Wow, some people reset for 5 hours+ and I'm here settling for only 1-2 hours. ;-;


----------



## Believe (Oct 4, 2016)

Yea normally I wouldve settled but honestly like 85% of the plots were in completely different areas that I couldnt accept. And then the one space off ones would just tilt me wayyy too much  sending out lots of luck to everyone!


----------



## Mura (Oct 4, 2016)

This is why when I made a second main town a couple weeks ago, I place benches, and Fountains all throughout the town, completely blocking spots where villager most likely plot. then after I have placed the max amount of projects (I believe its 30), I use Crash's cycle method and see the popular spots villagers will plot. Also make sure to place project(s) where you want to place your dreamies. then when you are ready to place a dream villager, demolish the according project. 

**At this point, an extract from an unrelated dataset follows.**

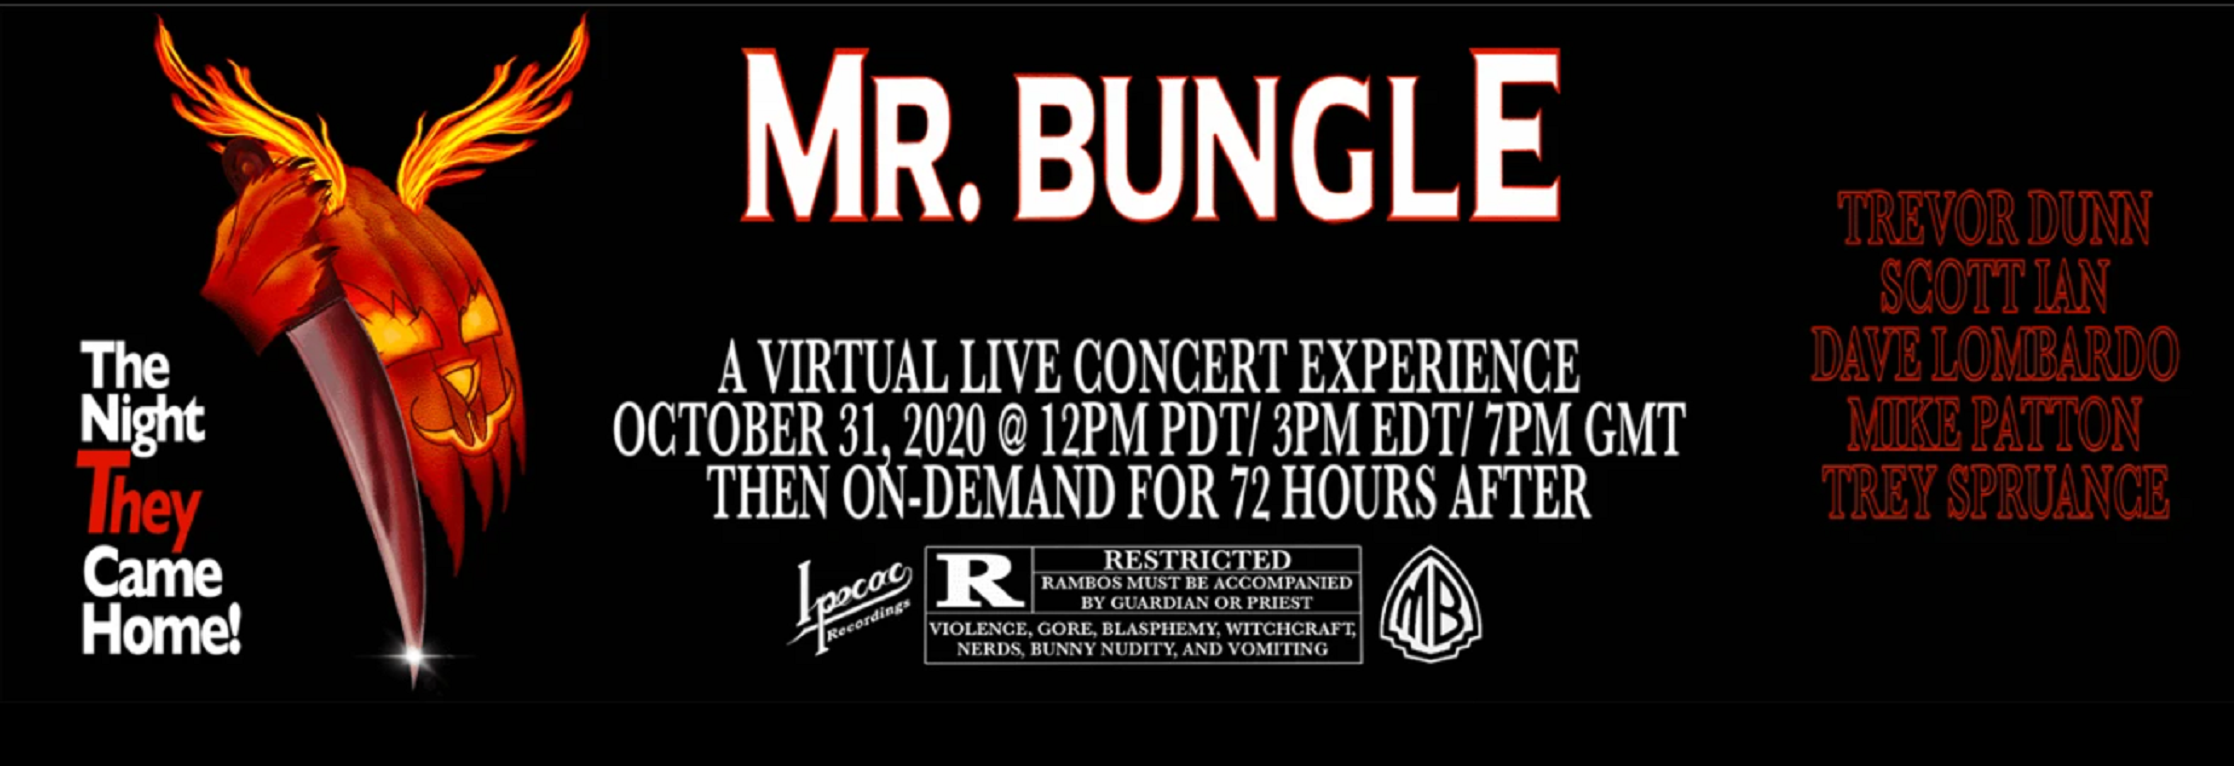 Mr Bungle_poster

In fact I managed to place Marshal right where I wanted him, in less han 3 hours. And about an hour ago, I placed Lolly in about 8 tries!


----------



## RedRum2514 (Oct 4, 2016)

Geez guys, you're honestly complaining about just 5 or 10 hours? thats nothing! I end up plot resetting for days! Of course tho, this is without placing several pwp's, the pain of seeing them just 1 spot away...


----------



## LinkToTheWorld (Oct 4, 2016)

MaddisonGamer6 said:


> Geez guys, you're honestly complaining about just 5 or 10 hours? thats nothing! I end up plot resetting for days! Of course tho, this is without placing several pwp's, the pain of seeing them just 1 spot away...

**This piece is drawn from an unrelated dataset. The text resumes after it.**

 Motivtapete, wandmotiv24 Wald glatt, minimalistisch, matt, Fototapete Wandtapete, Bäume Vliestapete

Yeah I would never do it for days, would just drive me crazy and I'd never get chance to get anything else done. Think it's worth the extra effort if you can get them as near as possible even if they don't go in the exact spot


----------



## Dim (Oct 4, 2016)

MaddisonGamer6 said:


> Geez guys, you're honestly complaining about just 5 or 10 hours? thats nothing! I end up plot resetting for days! Of course tho, this is without placing several pwp's, the pain of seeing them just 1 spot away...


6-7 days for me hbu? 

- - - Post Merge - - -

Almost got the spot I wanted but uhhhhhh why couldn't it just be a few spots to the right :[


----------



## Believe (Oct 4, 2016)

Nox said:


> 6-7 days for me hbu?
> 
> - - - Post Merge - - -
> 
> Almost got the spot I wanted but uhhhhhh why couldn't it just be a few spots to the right :[



Don't give up!


----------



## Dim (Oct 5, 2016)

I know I've been *****ing in this thread a lot but my god it's been over a week and I KEEP GETTING THE SAME DAMN PLOT! They say shutting the 3ds off all together stops pattern yet I've seen them in the same freaking plot for days it's ridiculous. I've had enough


----------



## Believe (Oct 5, 2016)

Nox said:


> I know I've been *****ing in this thread a lot but my god it's been over a week and I KEEP GETTING THE SAME DAMN PLOT! They say shutting the 3ds off all together stops pattern yet I've seen them in the same freaking plot for days it's ridiculous. I've had enough



omg you're still resetting???? Are you sure they can plot there? D:


----------



## dizzy bone (Oct 5, 2016)

I remember resetting for a few days for Biskit to get him next to Goldie.


----------



## OliviaTheCreep (Oct 5, 2016)

I can't wait for the hell it'll be when I finally get chrissy and try to get her to plot right next to francine. It's gonna be sooooo much fun (sarcasm)


----------



## Believe (Oct 6, 2016)

*slowly dies* I finally got Maple, and I had so many days to prep for her. But in the end I pickd her up on a day I scheduled to demolish a pwp so I couldnt set one up in the area that they keep plotting on whenever I reset so it's happening AGAIN. Idk why theyre so attracted to that area! Sigh, it's been a few hours


----------



## dankity (Oct 6, 2016)

i don't even
that's it


----------



## Dim (Oct 7, 2016)

Believe said:


> omg you're still resetting???? Are you sure they can plot there? D:


Pretty sure. There should be plenty of room it's only 1-2 spaces to the left of Mint's house but at this point...

- - - Post Merge - - -

I am starting to get bored of acnl now. wonderful lol


----------



## ChillyKio (Oct 7, 2016)

Bringing up this thread again because I'm now plot resetting for Muffy. Wish me luck  !


----------



## Believe (Oct 7, 2016)

ChillyKio said:


> Bringing up this thread again because I'm now plot resetting for Muffy. Wish me luck  !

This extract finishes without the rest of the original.